« Pardonnez-leur, ils ne savent pas ce qu’ils font ! » C’est bien cette prière du Christ en Croix qui nous vient à l’esprit chaque jour en suivant l’actualité. Euthanasie, avortement, eugénisme, affaiblissement de la famille, théorie du genre, profanations et vexations aussi perverses qu’imaginatives…. C’est bien le drame du monde actuel ! Ils ne savent pas ce qu’ils font ! Les consciences ont été anesthésiées progressivement et savamment depuis une centaine d’année. Et les fruits portent. L’immense majorité des jeunes et des moins jeunes du reste, n’a aucune base culturelle. Les fameuses humanités qui formaient les esprits ne sont plus même une vague impression dans des mémoires assaillies par la pornographie, abêties par les émissions de télévisions vide de sens. Visiter et comprendre les jardins de Versailles est désormais hermétique à l’intelligence classique des jeunes générations. Victor Hugo, Eugénie ou Gabriel Marcel, ne sont plus que des noms de rue ou de station de métro. Tout ce sur quoi la pensée doit compter pour se forger a été peu à peu banni des programmes scolaires, des salles de spectacles, des films cultes. Alors que l’on vante la libération des hommes grâce au progrès des sciences et de la scolarisation, il faudrait peut-être humblement faire amende honorable et reconnaître l’immense régression intellectuelle, non seulement de l’élite, mais aussi des masses. Les laconiques et approximatives définitions de Wikipédia ne remplaceront jamais un cours sur l’histoire de France ou une pièce de Racine. ‘Mon Peuple périt faute de connaissance’ dit Dieu au prophète Osée. Voilà bien là le drame de l’humanité aujourd’hui. Hommes et femmes ne s’élèvent guère au-delà de l’animal évolué. Mais comme le constate Aristote dans son Ethique à Nicomaque, bien des bêtes nous sont supérieures dans l’ordre physique. Il n’est que l’intelligence qui puisse distinguer l’homme de la bête. Qu’avons-nous fait de notre intelligence ? Comment en être arrivé à tenir dans une même phrase, une chose et son contraire ? Tout simplement parce que la connaissance étant le plaisir de l’âme, un homme frustré cherche ses compensations dans les plaisirs du corps, c’est-à-dire, ces plaisirs qui lui sont communs aux animaux. Le pain et les jeux ! Nous y sommes bien revenus, il n’y a pas de doute.
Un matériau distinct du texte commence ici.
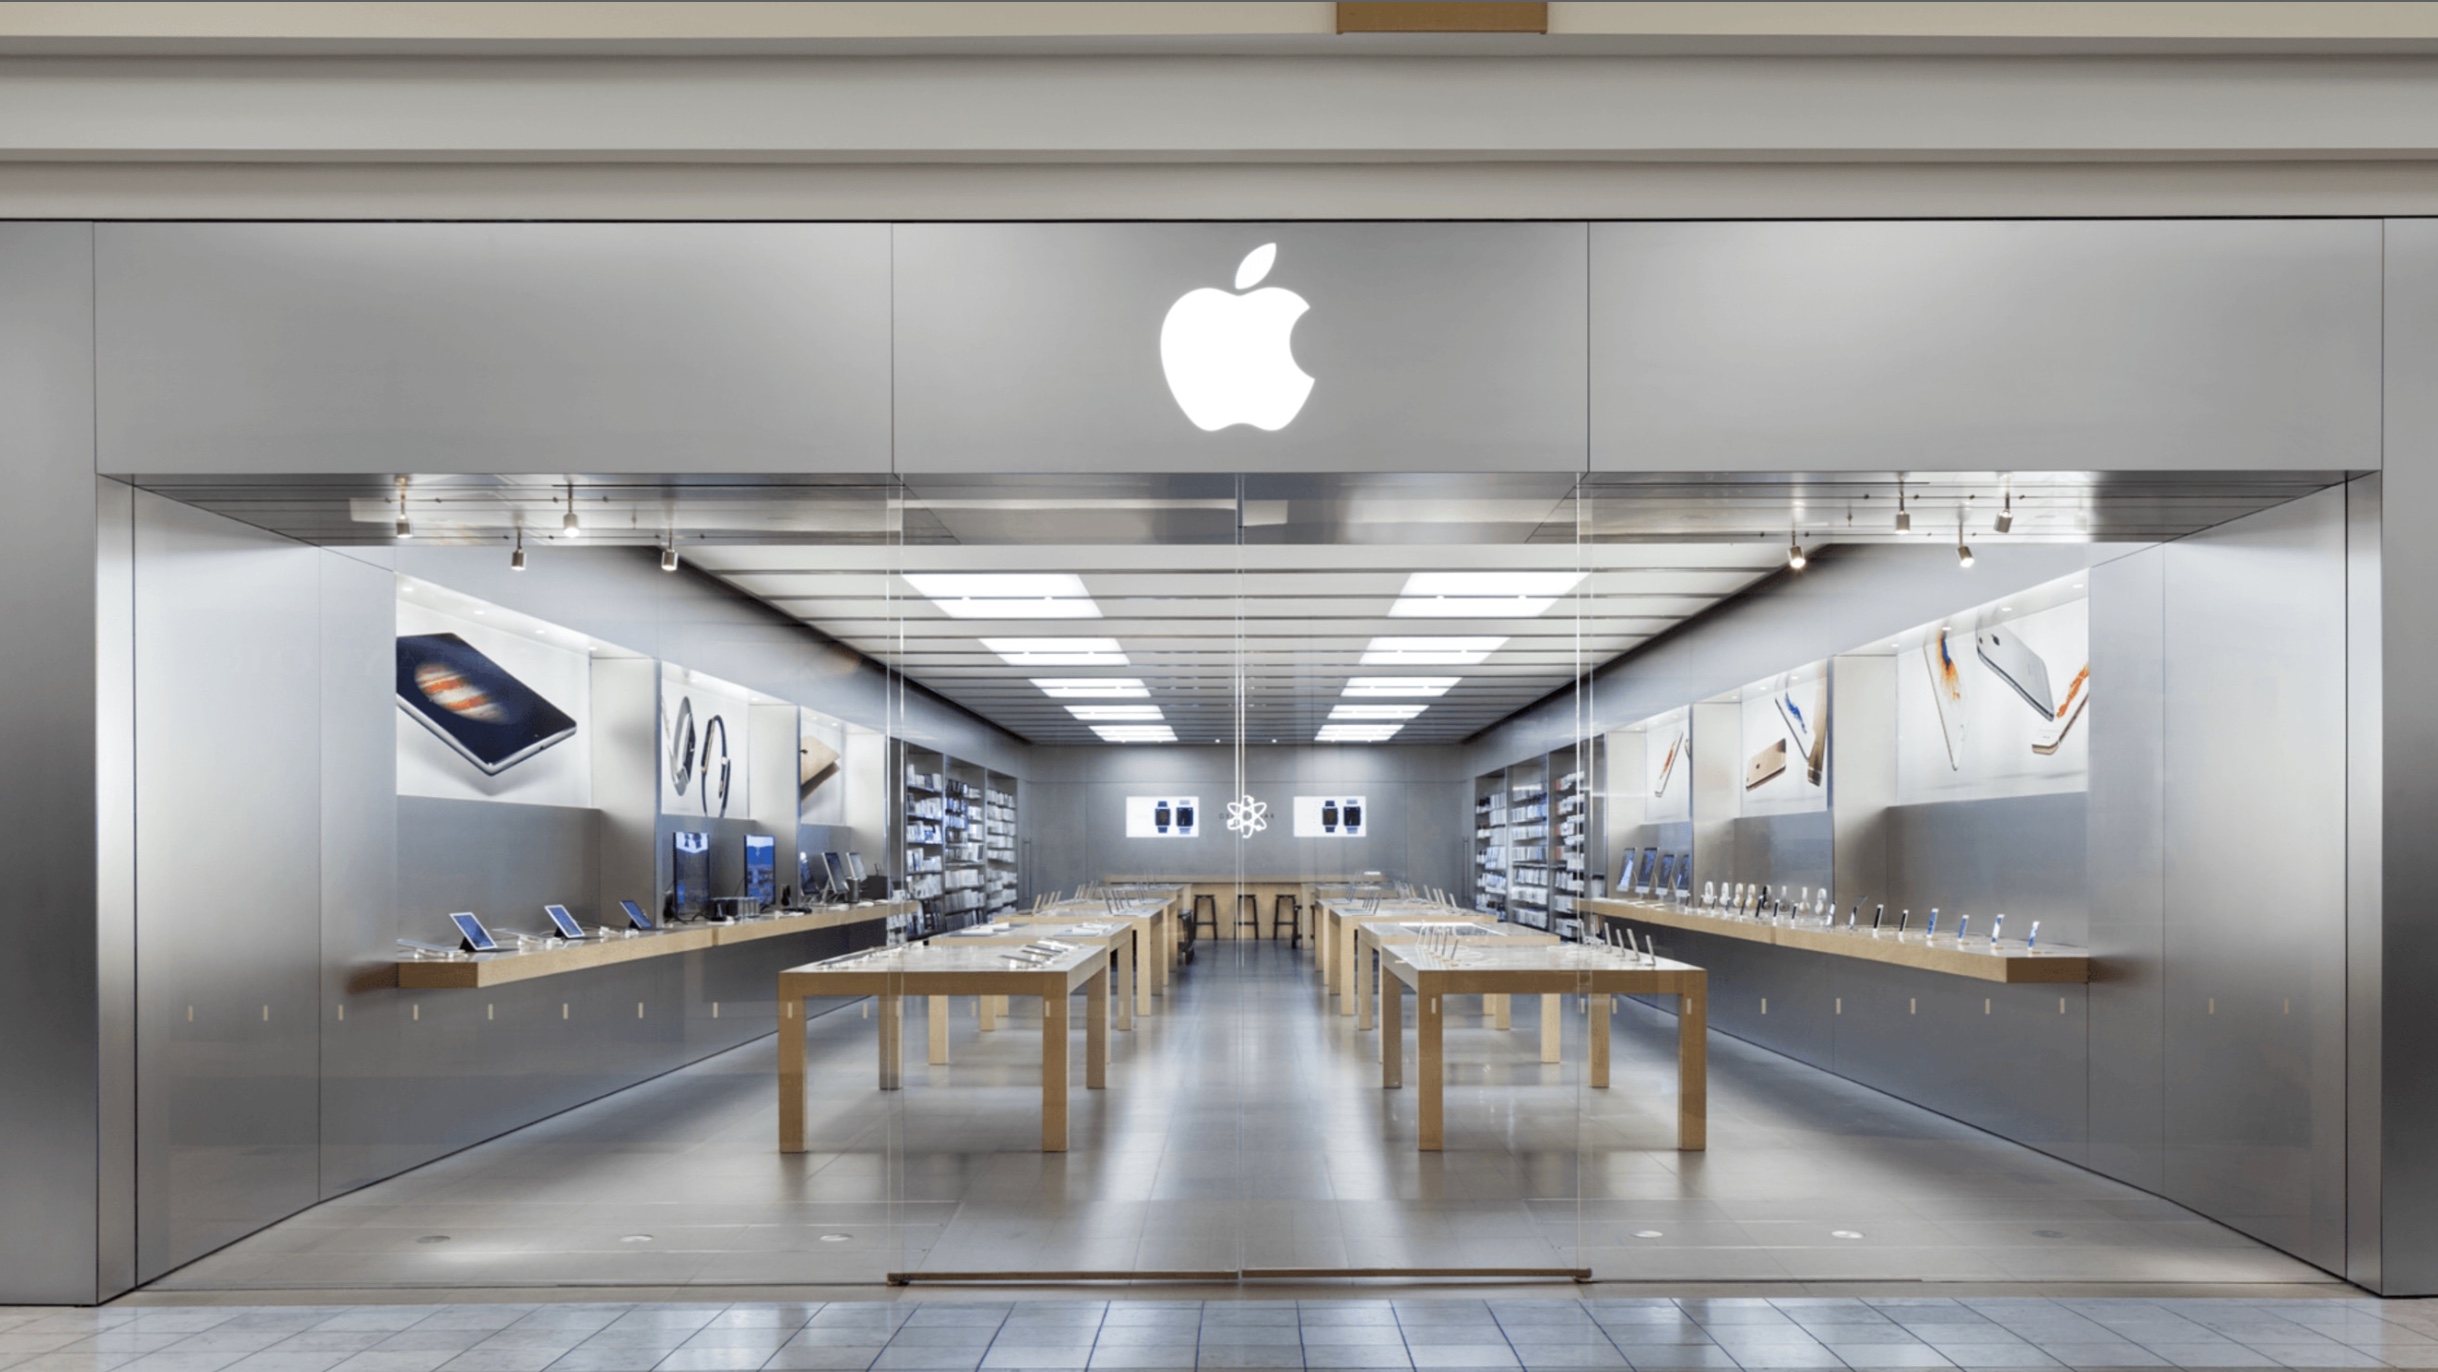 St. Louis Apple Store employees blame union for organizing withdrawal

Mais pourquoi ? Y a-t-il un complot ? Qu’une dynamique anti-chrétienne se soit développée c’est une évidence. Et le démon n’y est certainement pas étranger. Mais cette dynamique se nourrit également de la passivité des hommes face à leur destin et du système actuel. Sans être intentionnellement contre l’homme ou contre le Christ, une économie qui repose sur la consommation a tout intérêt à ce que la personne humaine soit sans repère et insatisfaite. Car cette perte d’identité est la source des besoins compensatoires qui constituent le fond de roulement de la société de consommation. Aussi face à ce double mouvement (besoin compensatoire et démission de l’intelligence), les repères ne tiennent plus et le relativisme devient l’échappatoire illusoire d’une société qui étouffe. De là, nombre de maux importants et structurels. Le système financier vicié qui vit sur cette fuite compensatoire. Le gender qui exacerbe l’égo et alimente cette perte d’identité mortifère. Le rapport à la vie déconnecté de l’homme lui-même.
Face à cela que faire ? Que peuvent faire les chrétiens isolés, désormais réduits à une minorité ridiculisée ? Benoît XVI n’aurait-il pas voulu nous donner une piste importante d’action avec cette initiative plus ou moins bien relayée du parvis des gentils ? Comme le remarquait saint Vincent de Paul au sujet des pauvres qui l’entouraient « avant de s’occuper de leur âme, il faut qu’ils prennent conscience qu’ils ont en une. » Voilà peut-être ce qui nous incombe à tous prioritairement !
Reformer une élite chrétienne capable d’être cette lumière du monde, reconquérir la culture et l’excellence désertées par un certain misérabilisme post soixante-huitard. Sortir de l’amateurisme de l’à-peu-près. Et tant pis pour ceux qui, en retard d’une guerre, confondent égalité des chances et nivellement par le bas. Si le monde périt faute de connaissance, alors il nous appartient de lui donner ce qui lui faut pour reprendre vie.